WARSAW: US Vice President Mike Pence demanded on Thursday that Europeans drop a nuclear deal with Iran and join in seeking to cripple the regime, a cause that united Israel with longtime Arab rivals at a conference in Warsaw.
Major European powers sent low-level representation to the US-initiated meeting, suspicious of US President Donald Trump’s hawkish impulses and convinced the 2015 deal under which Iran drastically scaled back its nuclear programme is working.
But Pence took direct aim at allies Britain, France and Germany, denouncing their new initiative to let European companies operate in Iran in defiance of unilateral US sanctions.

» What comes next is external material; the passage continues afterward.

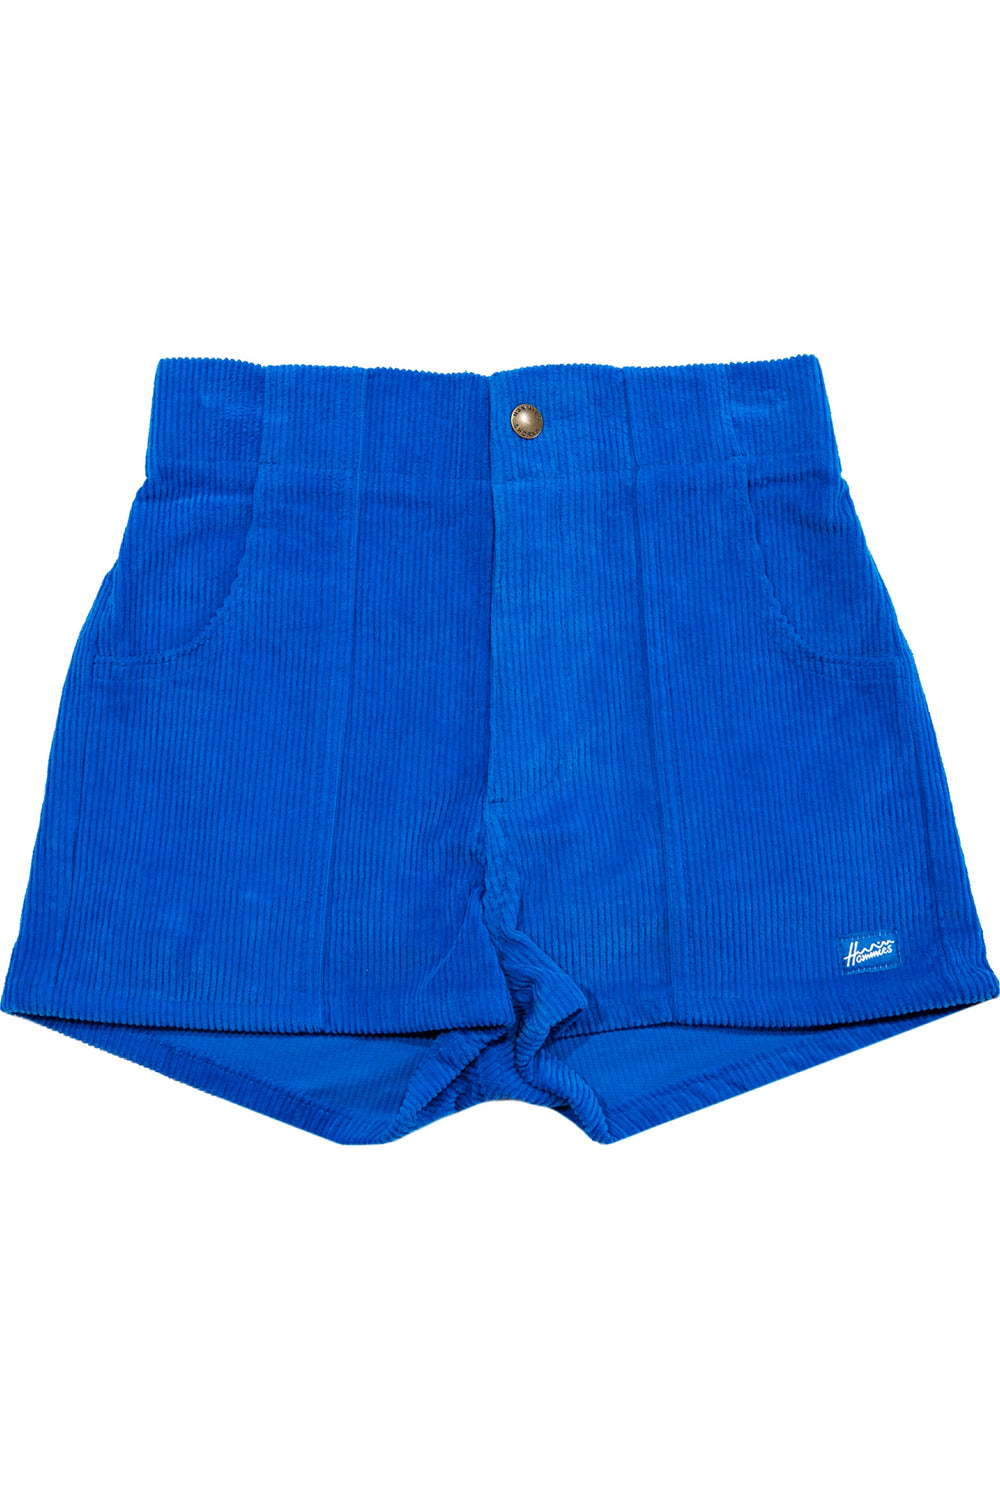 Blue Hammies Shorts

“It’s an ill-advised step that will only strengthen Iran, weaken the EU and creates still more distance between Europe and the United States,” he said. “The time has come for our European partners to withdraw from the Iran nuclear deal and join with us,” he said.

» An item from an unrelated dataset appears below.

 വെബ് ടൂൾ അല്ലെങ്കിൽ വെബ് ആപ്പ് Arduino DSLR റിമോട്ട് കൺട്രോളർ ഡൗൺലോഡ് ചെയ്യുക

Iranian President Hassan Rouhani, visiting the Russian resort of Sochi for a simultaneous summit called by Russian leader Vladimir Putin that also included Turkey, retorted: “We see what’s happening in Warsaw, it’s an empty result, nothing.”
Pence stopped just short of calling for regime change in Iran, which has been comparatively stable in recent years amid unrest throughout the Middle East.
Pence threatened further US sanctions as “the people of Iran take to the streets” and its “economy continues to plummet”.
He accused Iran of plotting a “new Holocaust” with its opposition to Israel and regional ambitions in Syria, Lebanon, Iraq and Yemen. “Freedom-loving nations must stand together and hold the Iranian regime accountable for the evil and violence it has inflicted on its people, on the region and the wider world,” Pence said.
EU rejects pressure
Pence tacitly acknowledged that Iran is in compliance with the 2015 nuclear deal but said the issue was the accord itself, brokered under Trump’s predecessor Barack Obama.
European leaders say the agreement was never meant to address all concerns with Iran and that Tehran is hardly the only problematic player in the region.
“Europe is not divided on the issue of Iran. Europe supports the nuclear accord with Iran,” said German foreign ministry official Niels Annen.
Another senior official from a major European power said “we strongly disagree” with Pence’s remarks and said that other regional issues such as Syria and Yemen would be even more difficult to resolve if Iran is isolated.
Poland — which is eager to please the United States amid fears of a resurgent Russia — said it also backed the nuclear deal but that it was important to raise concerns.
“The discussion showed that the EU and the United States shared the diagnosis of the situation, and have similar views regarding the problems in the Middle East, and also, let’s say it openly — the negative role played by Iran,” Polish Foreign Minister Jacek Czaputowicz said at the close of the conference.
Pence only briefly mentioned concerns with Iran’s Arab adversaries, saying the Trump administration would keep looking at Saudi Arabia’s killing of US-based dissident writer Jamal Khashoggi.
But Pence hailed the Arab front against Iran.
Top officials of Saudi Arabia, the United Arab Emirates and Bahrain — none of which recognise Israel — sat down with Prime Minister Benjamin Netanyahu in Warsaw starting with a dinner Wednesday at the Royal Castle.
Netanyahu called the talks a “historical turning point” and voiced hope they could lead to a greater normalisation of relations.
“An Israeli prime minister and the foreign ministers of the leading Arab countries stood together and spoke with unusual force, clarity and unity against the common threat of the Iranian regime,” Netanyahu told reporters as he arrived for Thursday’s main session at a football stadium.
Israel only has diplomatic relations with two Arab countries, Egypt and Jordan.